Real GDP grew by 3,8% q-o-q on a seasonally adjusted annualised basis, up from the strike-inflicted 0,7% in the third quarter and better than market expectations of 3,4%.”

In contrast to previous quarters, recoveries in the primary and secondary sectors were mainly responsible for the better-than-expected fourth quarter growth performance. Value added by agriculture rose by 6,4% q-o-q despite relatively dry conditions in some parts of the country.”

Neddbank economists also noted that “Higher output of gold, platinum and other metal ores supported the mining sector, where value added rose by 15,7%, up from 11,4% in previous quarter. The rebound in the production of vehicles following the strikes in the third quarter, coupled with higher output by the broader food and beverages as well as chemicals industries lifted valued added by manufacturing by 12,3% over the quarter off the low base established in the third quarter.”

Looking ahead the Nedbank economists said “The pace set towards the end of last year is unlikely to have been sustained in early 2014. The protracted strikes in the platinum industry will undermine mining production in the first quarter, while signs of stress on household finances following the unexpected hike in interest rates in January and rising inflationary pressures due to a weaker rand are likely to contain growth in consumer spending.”

However, said Nedbank, economic activity is expected to pick up as the year progresses. “The mining, manufacturing and construction sectors should benefit from a combination of strong global growth, a weaker rand and increased infrastructure spending by the public sector.”

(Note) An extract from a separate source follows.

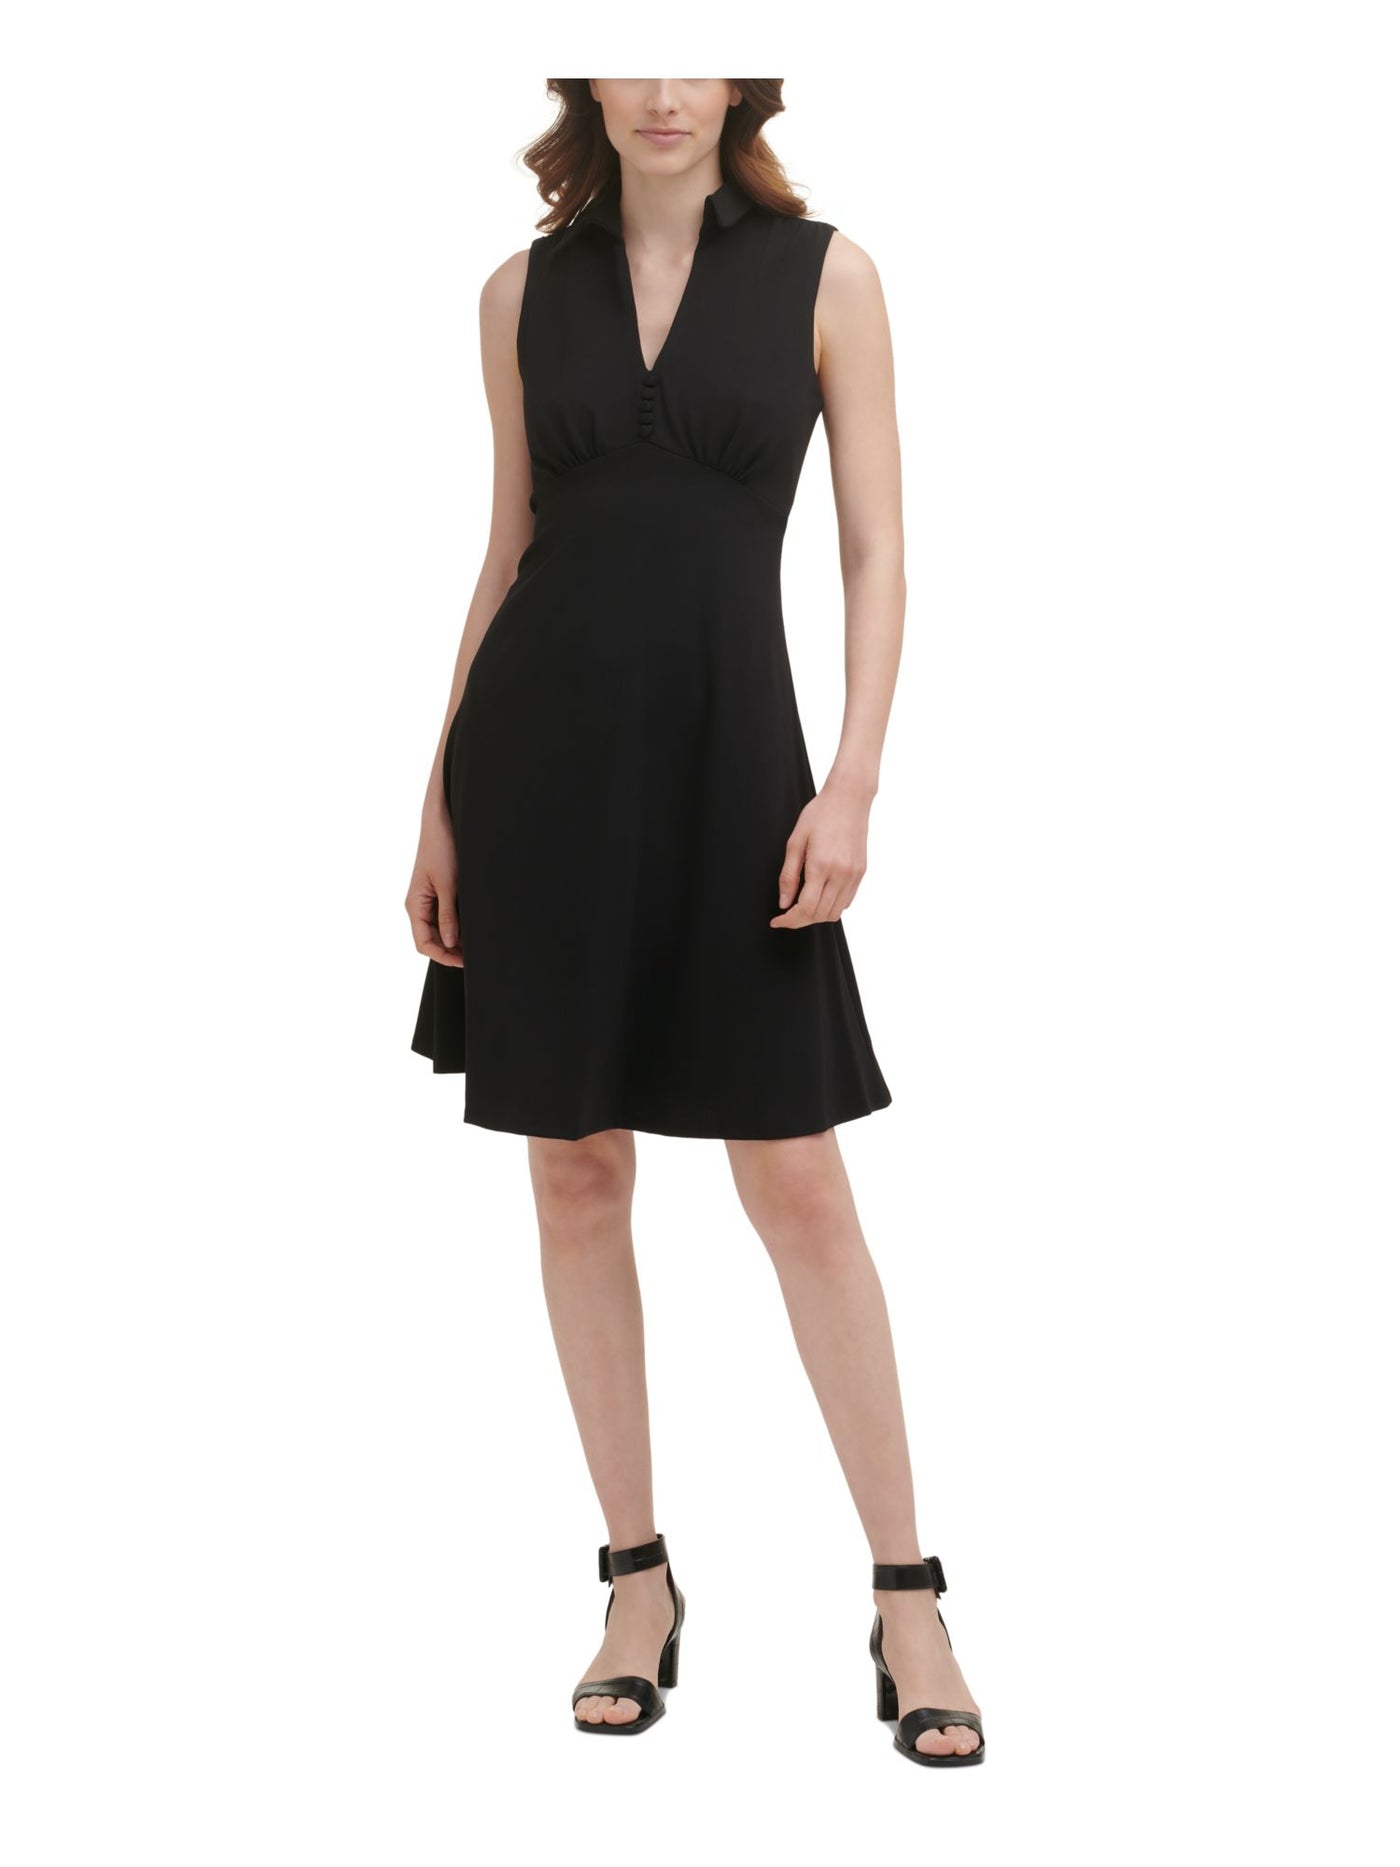 CALVIN KLEIN Womens Black Stretch Zippered Ruched Collared V-neck Button Detail Sleeveless Above The Knee Wear To Work Fit + Flare Dress 6

They added that household spending is expected to moderate as wage growth in public sector slows, the cost of living increases due to the weaker rand and indebted consumers adjust to rising interest rates. “Overall, we expect GDP to grow by a moderate 2,6% in 2014 as a whole.”

The Nedbank team added that the better-than-expected GDP figures are unlikely to alter the policy thinking of the Reserve Bank’s Monetary Policy Committee significantly as some rebound was widely anticipated in the markets and within the Bank. “The outlook for economic growth remains moderate with significant downside risks given global challenges, weak domestic confidence, increasingly volatile financial markets, the higher cost of credit and the upcoming local elections.”

“Encouragingly, there has at least been some pause to the rand’s slide in recent weeks, although it remains very vulnerable given both the large current account and fiscal deficits and the change in global investor sentiment towards emerging markets. The Monetary Policy Committee (MPC) will probably remain hawkish until either the rand recovers lost ground more convincingly or the economy weakens sharply. We expect the MPC to hike rates once again in March, before holding steady as the rand pulls back and signs of slowing domestic demand emerge.”